Island Packet — Just throwing this out there, just spitballing, just doing a little brainstorming — because that’s what I do when it gets humid and heavy enough to make the birds literally bang on my window with their beaks and plead for death — but if we here in Beaufort County have rules, guidelines, codes, covenants, unspoken laws, unbreakable vows and sternly worded press releases regarding things that can and cannot besmirch our greenosphere, is there some reason we allow official-sounding political types to acne up our landscape with cheap-looking red-and-white-block-lettering campaigny signs?

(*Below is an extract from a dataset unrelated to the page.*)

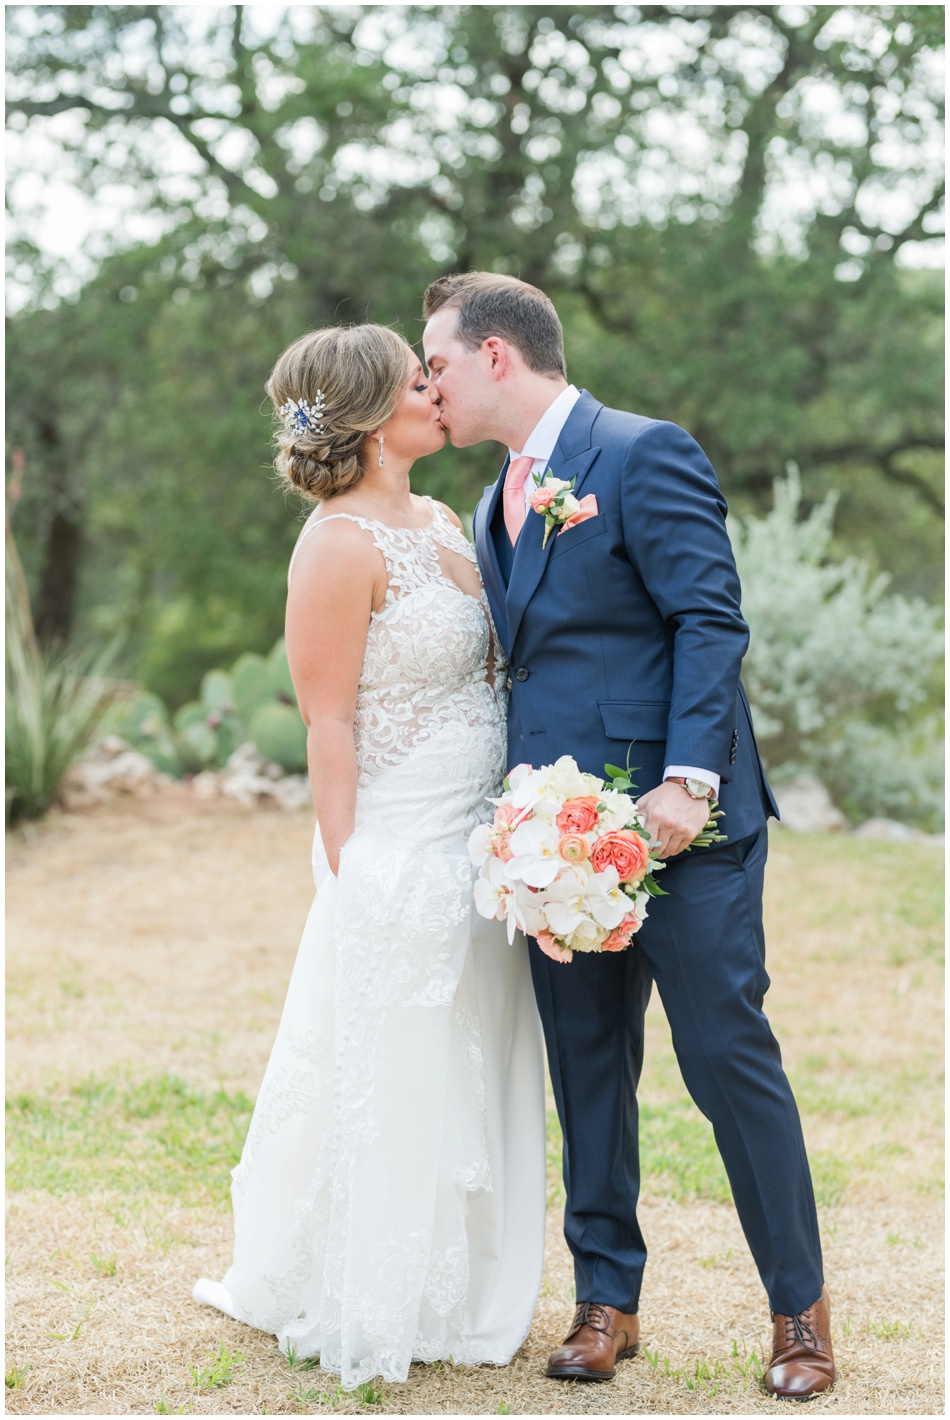 Preferred Wedding Photographer for The Milestone in Georgetown Texas
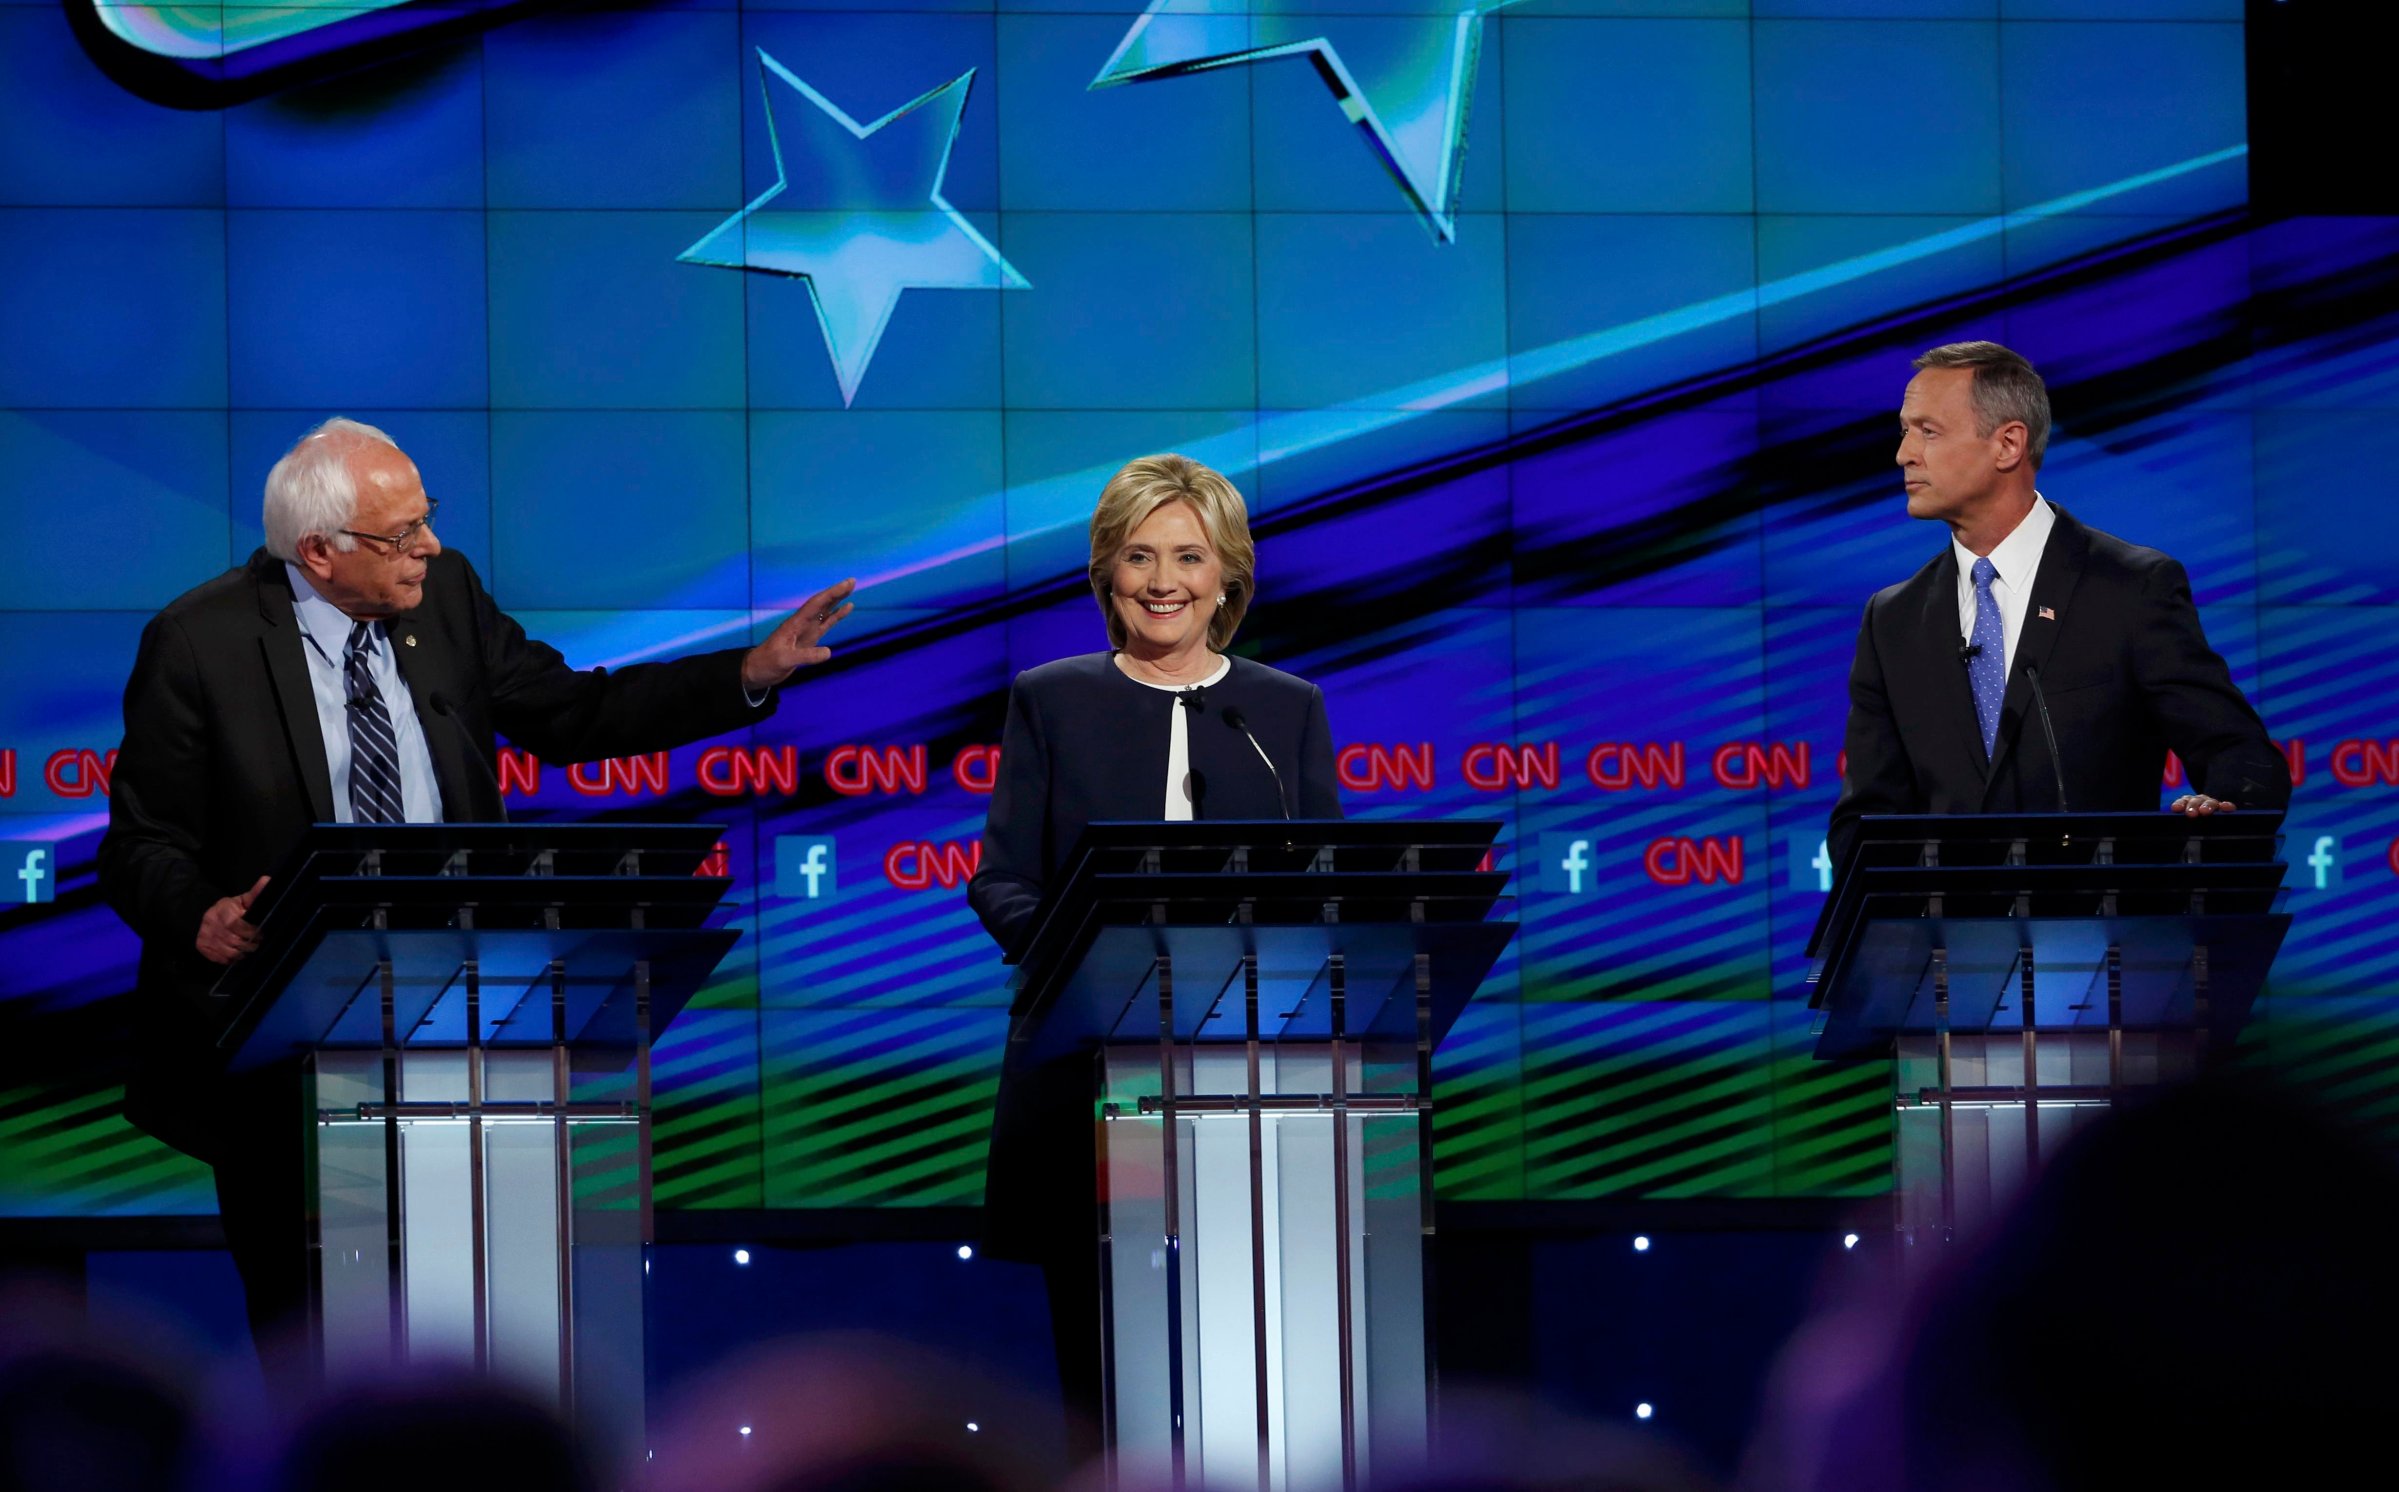 Democratic presidential candidates Sanders, Clinton and O'Malley debate during the first official Democratic candidates debate of the 2016 presidential campaign in Las Vegas

I realize that the balance of this column will result in my sounding the very oldest I have in my life, except for that one time I handwrote a complaint letter to Andy Rooney because he made fun of Gene Krupa, but to that I say: “Hey, you kids, get off my lawn!” Because it stands to reason that if I cannot successfully locate a grocery mart after nightfall without knowing my precise longitude — which, thanks to my iPhone is no longer a problem but I’m still sniffly about this — if I can’t enjoy the calming glow of the average American streetlight, if I can’t go for a lousy evening run around my stately, verdant neighborhood without wearing a coal miner-style headlamp because of the constant threat of stepping on, around, or into an alligator in the pitch-blackness, I should not have to be reminded, upon venturing out for coffee, who is running for governor. (Incidentally, it’s blogger-affair lady and some other people.)
It’s simply a matter of fairness. For instance, I am pretty sure that planting a couple of decorative bushes in my front yard requires obtaining approval from a number of neighborhood boards, the state of South Carolina and I think whoever’s running BP now, if that person even exists. I was literally out repairing my mailbox shortly after buying our house when I was gripped with a brief and irreplaceable terror, thinking, holy cheese, am I using the right color nails? (This passed quickly, replaced by the shock I felt at actually being able to repair my own mailbox.)
Related, sort of
Moreover, one time, in 1998, due to a drawn-out and convoluted process which I will not go into now except to say that it caused me to return later and begin randomly throwing deer aphrodisiacs out of my car window, I was required to pay $5 for the privilege of returning to my own home. Which I did. Which I’m still really kind of upset about, because Vrabels are deeply, deeply cheap.
So if part of the allure here is the relatively unspoilt, or at least underspoilt, or at least in the case of the May River, beingspoiltbutslowlyenoughthatnoonereallynoticesapparently, howsabout we enact one of those fancy pieces of insta-legislation to make the candidates for state comptroller move their high-quality, classy signage to someplace less invasive, such as the Internet, or their own garages. Yes, I know that elections are important. Yes, I know that I’m not voting in this upcoming one, and neither are you, and if everyone’s all worked up about big government, they should be equally worked up about Big Not Yet Government.